1. Collect Data in Your Workplace

Understand everything about your existing policies, and if people have taken leave before or arranged flexible schedules, collect data on employee experiences. Circulating a survey to your co-workers to find out what worked, what didn’t, and what they’d like to change will help you understand the specific needs at your organization.

 

2. Research the Competition

Doing competitive research on what kinds of policies other organizations offer can provide a great template for what to seek from your employer, and such research can be a nudge if competitors are doing a better job. Don’t limit yourself to just news organizations in your area— include companies outside your industry that compete for talent. The best available resource on this is fairygodboss.com.

 

3. Find Allies

Look around your organization for people who want to advocate for this cause, especially people with authority. There is “safety in numbers” and if many employees get behind an effort for better family leave, it can show the leadership that it’s a larger issue rather than just a concern of one or two people.

4. Make a Business Case

As extensively detailed in “Where Are the Mothers?,” paid family leave can lead to higher employee retention rates, and save organizations money in the long run. Plenty of data exists to effectively make the case that better policies are a smart business decision, rather than just an act of altruism.

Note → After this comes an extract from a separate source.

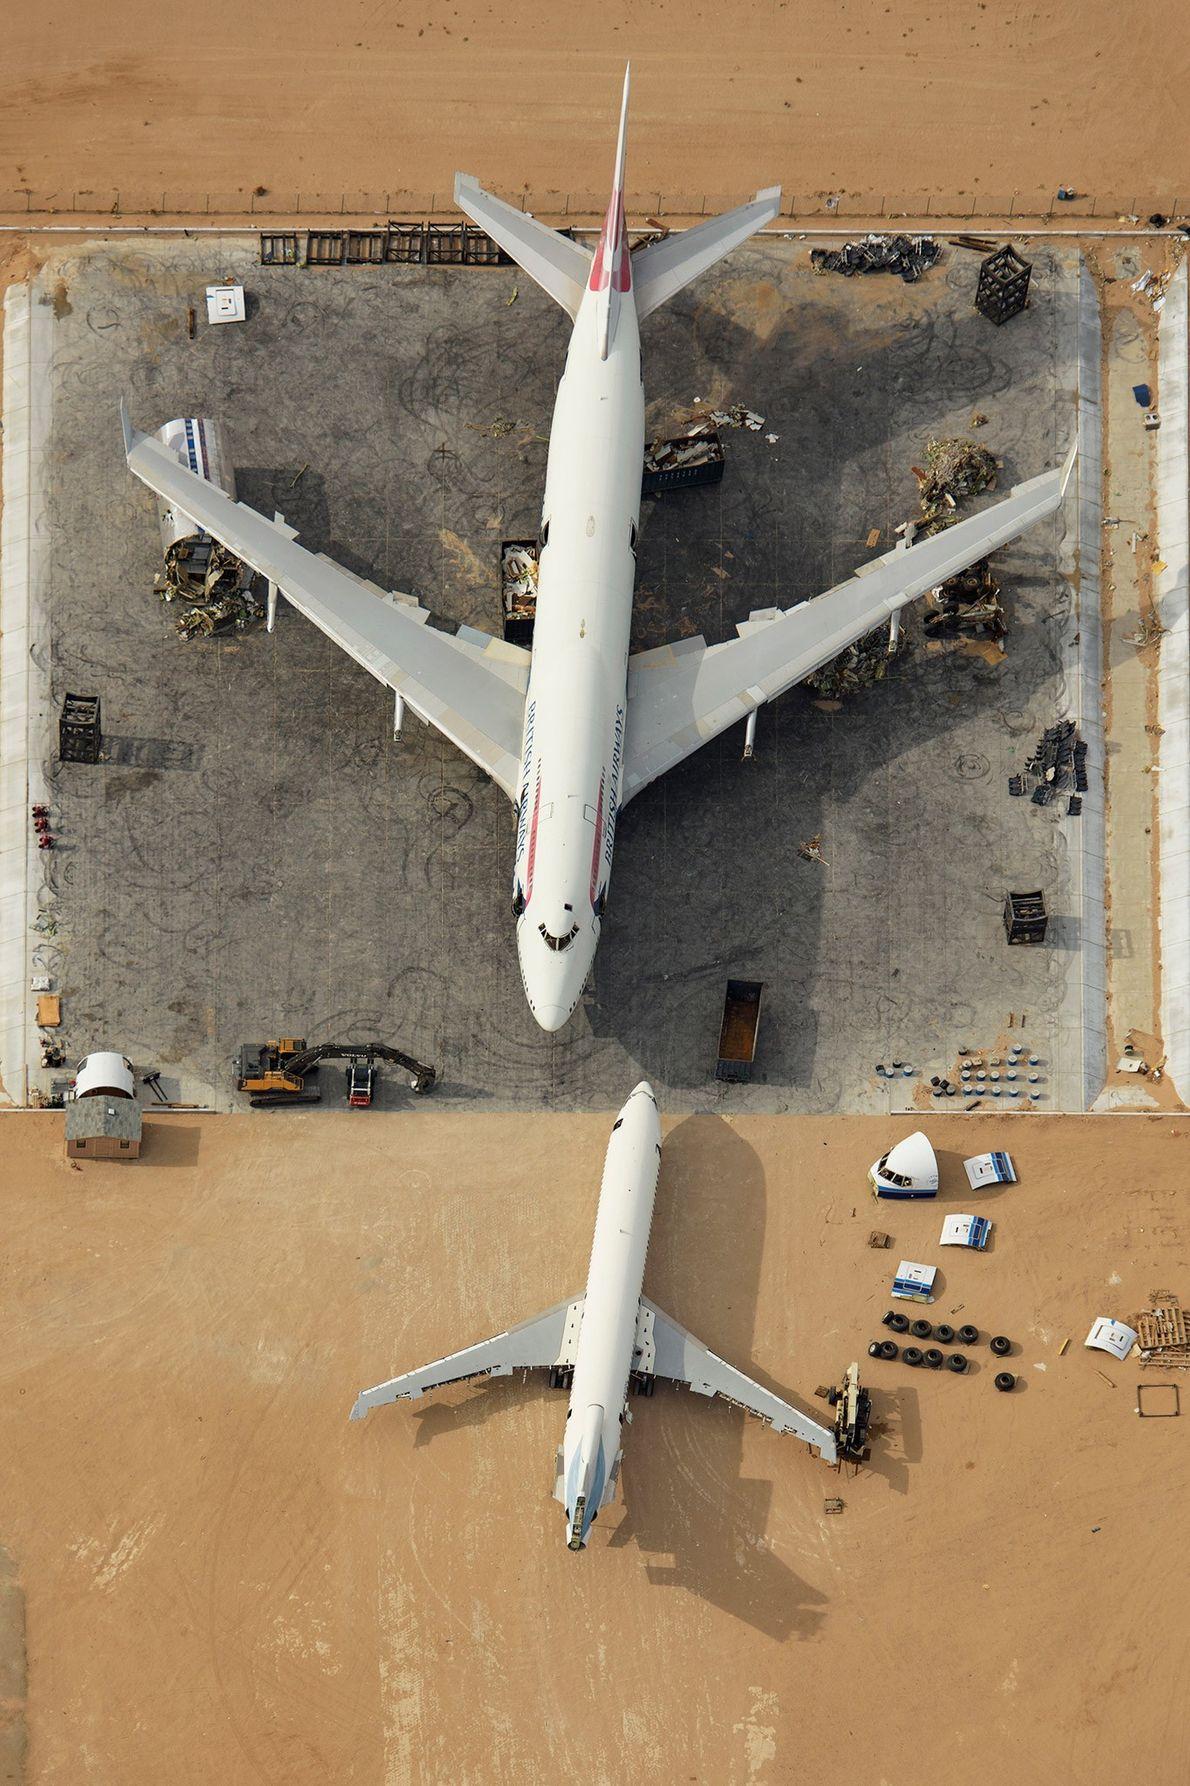 Um Boeing 747 retirado do serviço no cemitério de Logística do Sul da Califórnia. O avião ...

5. Be Specific in Your Requests

The more you put forth concrete well-researched proposals with well-reasoned arguments, the easier it is for leaders to sign off on your ideas.  For example, ask for “extension of leave to 16 weeks at full pay,” rather than “a more generous policy.”

Whenever possible, avoid negotiating individually for better deals, while subpar policies are kept on the books. This reinforces the idea that adequate family leave is a “perk” given to valuable employees only. Aim to formalize changes that bring everyone along.